- **About this exercise**:
Images should be omitted while the rest of the data is duplicated exactly.

- **Collected material**:
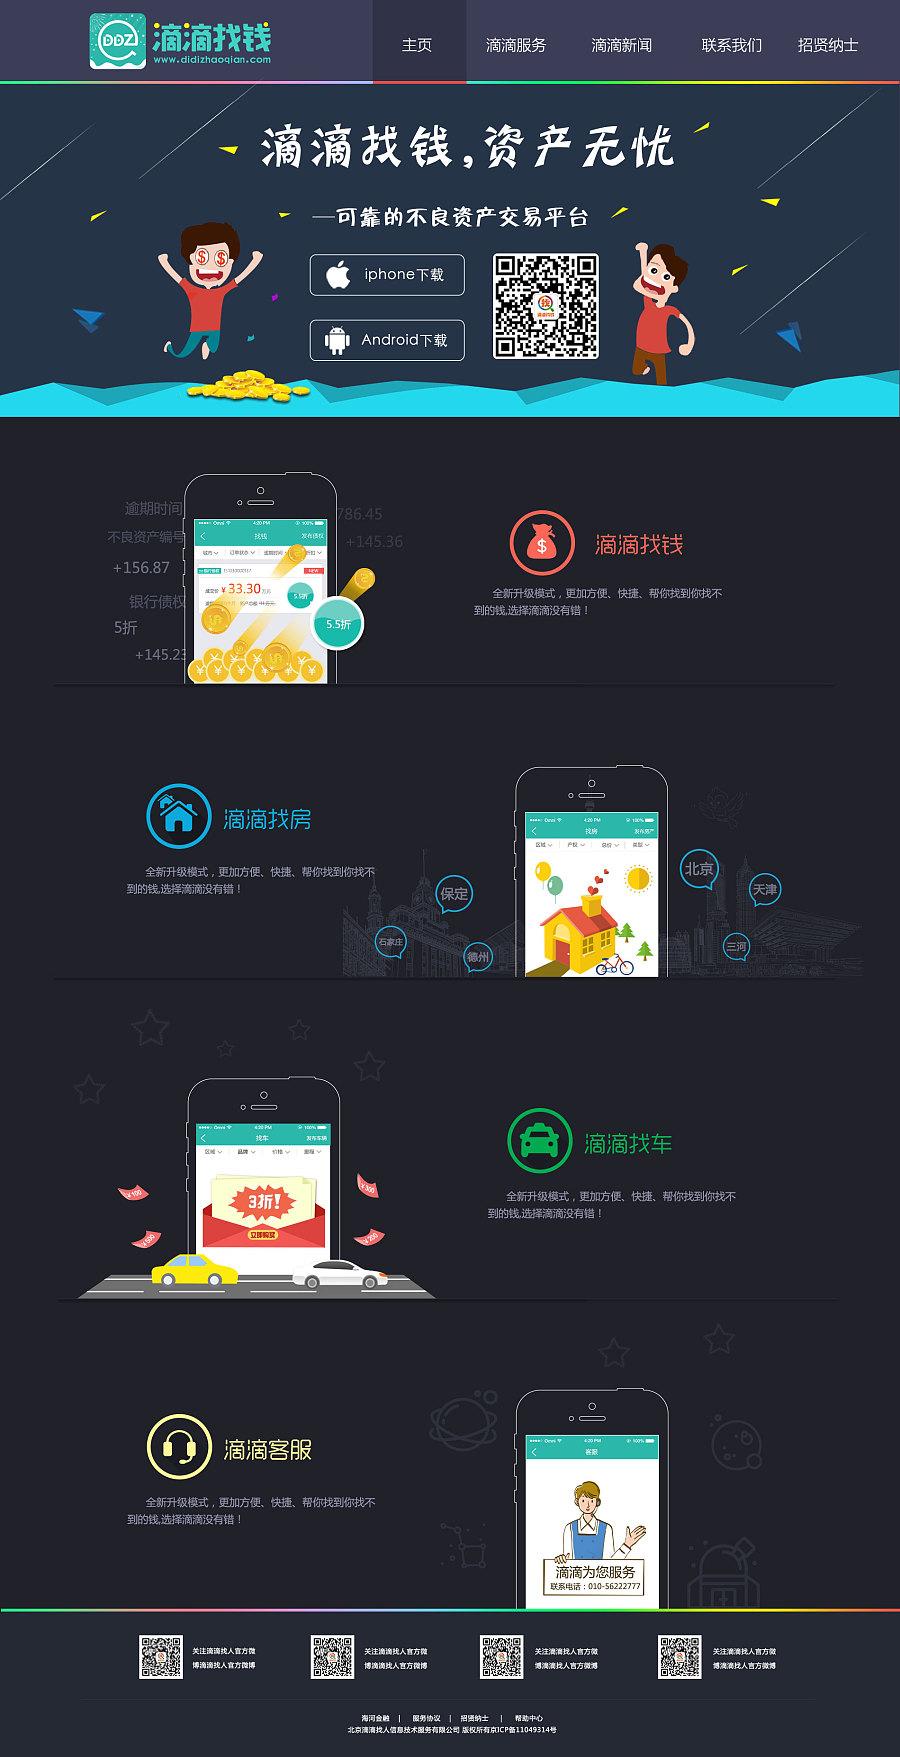 app在哪可以制作_可以制作表情包的app
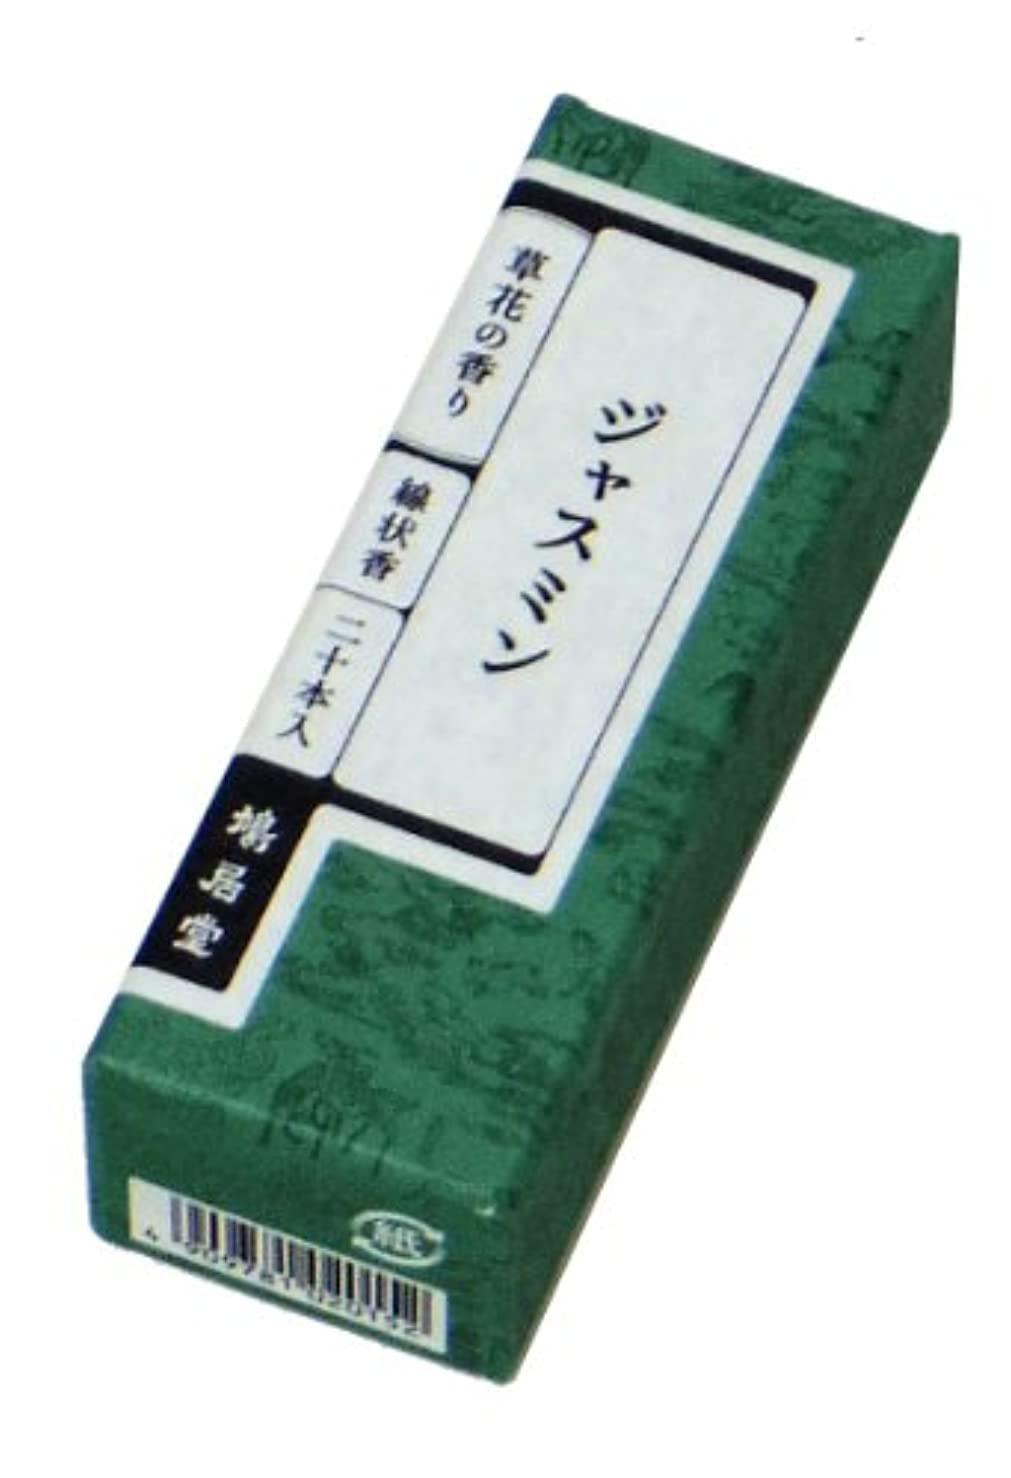 パラメータオール気配りのある鳩居堂のお香 草花の香り ジャスミン 20本入 6cm
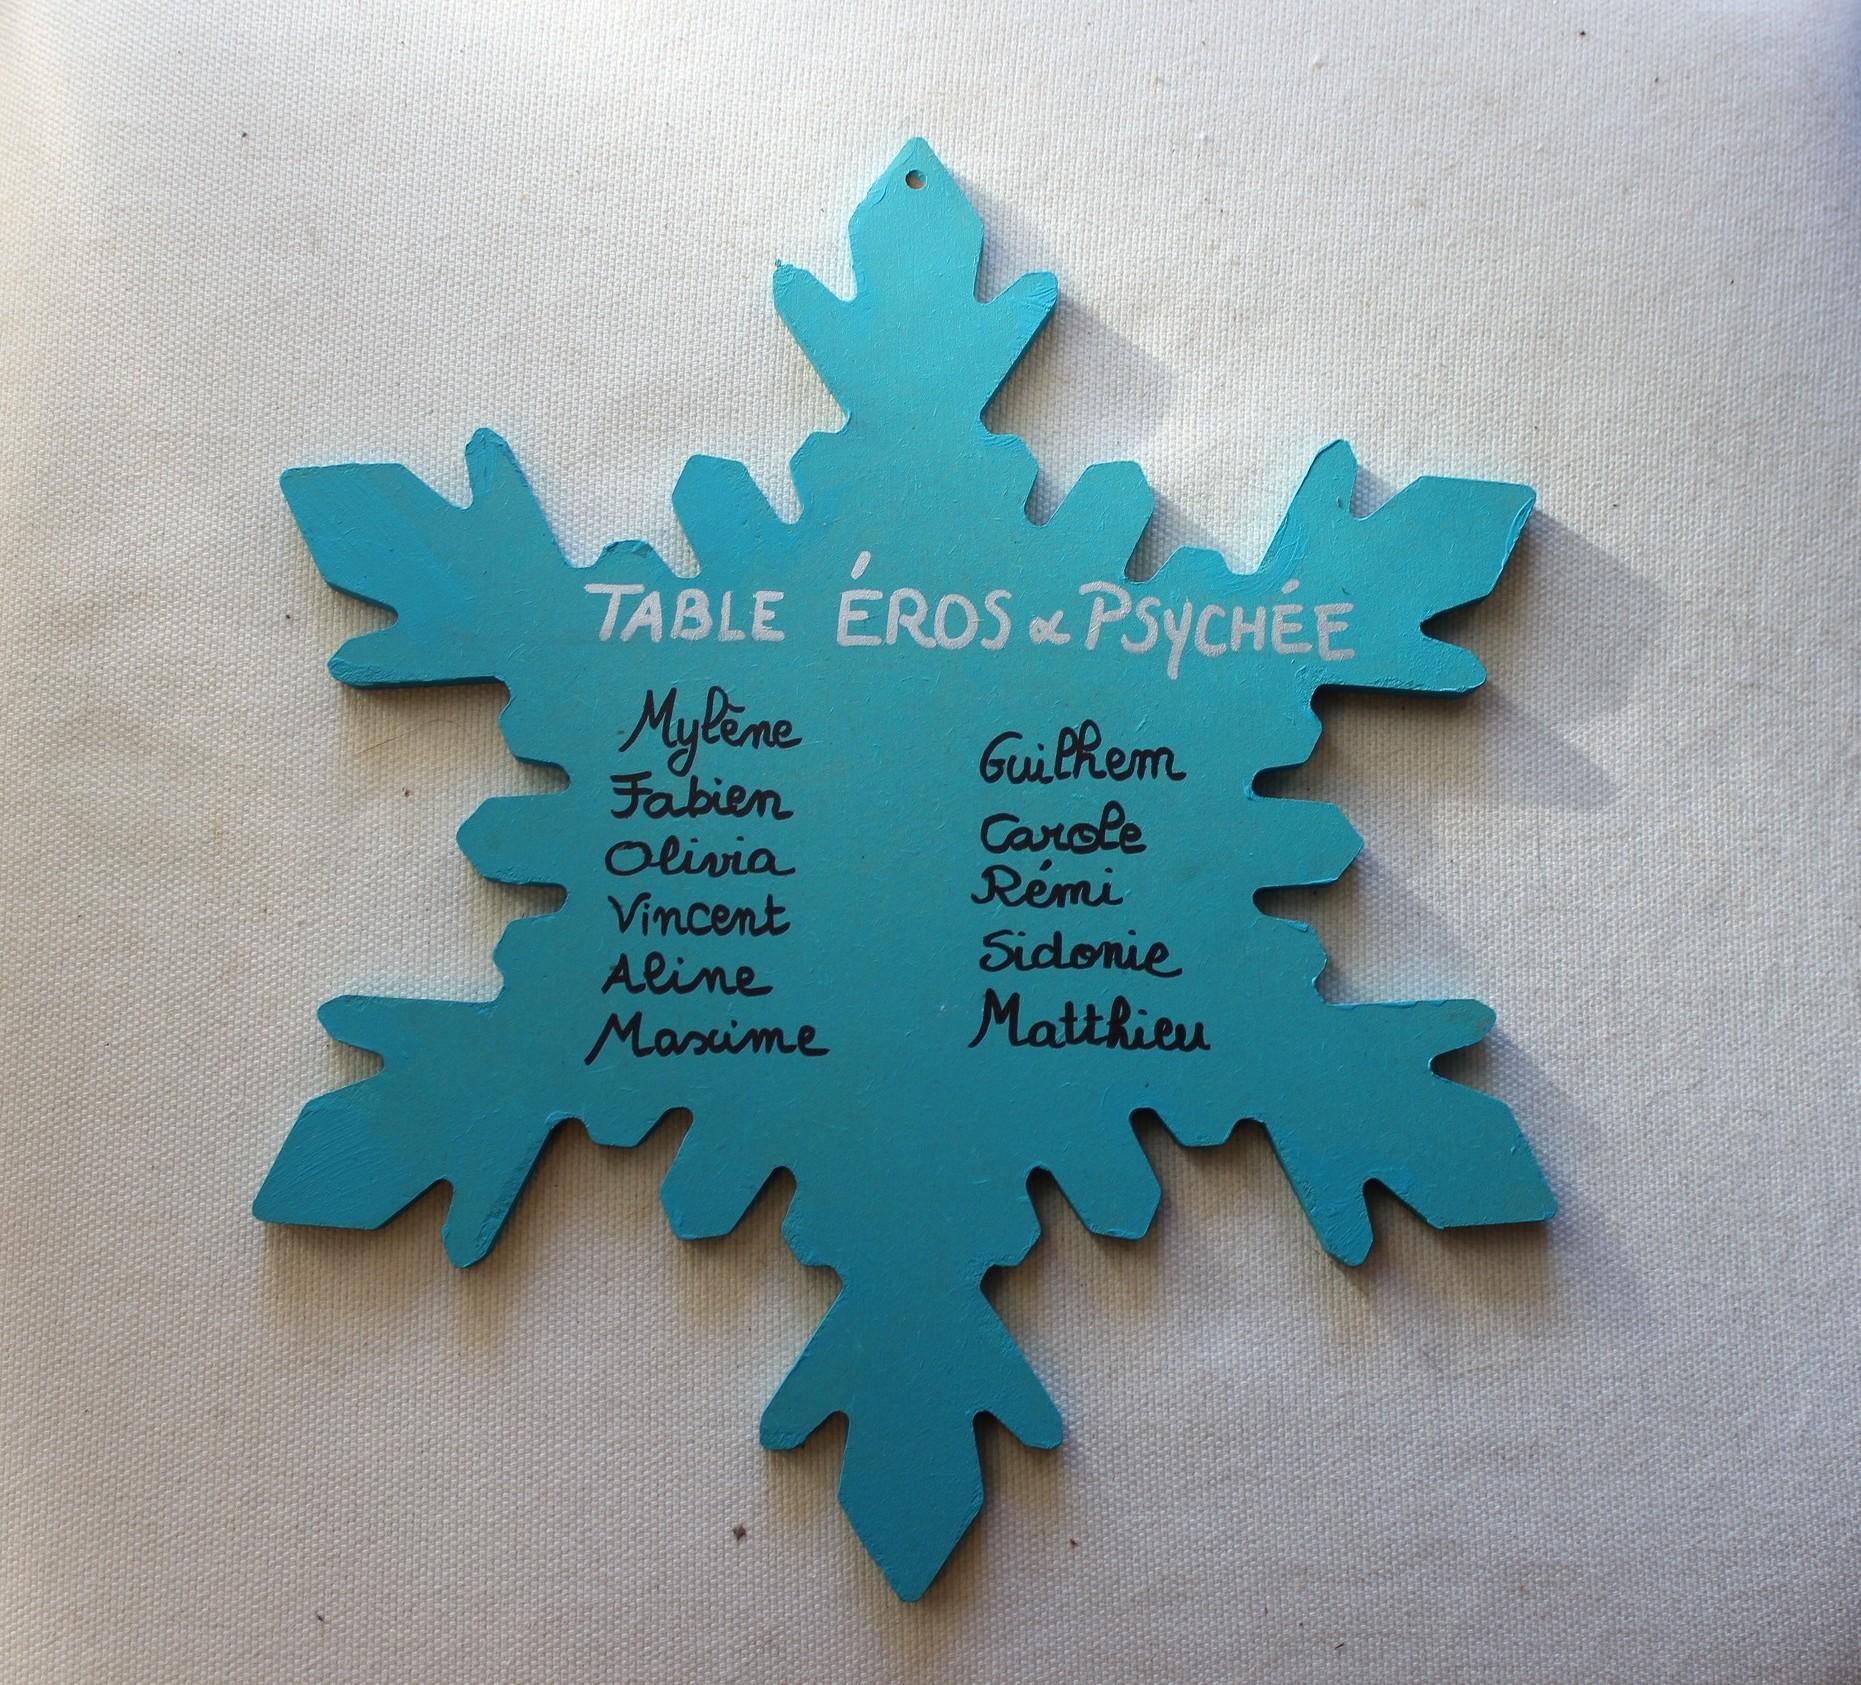 Plan de table, une place pour chacun et chacun à sa place

- **Result**:
 app在哪可以制作_可以制作表情包的app
 パラメータオール気配りのある鳩居堂のお香 草花の香り ジャスミン 20本入 6cm
 Plan de table, une place pour chacun et chacun à sa place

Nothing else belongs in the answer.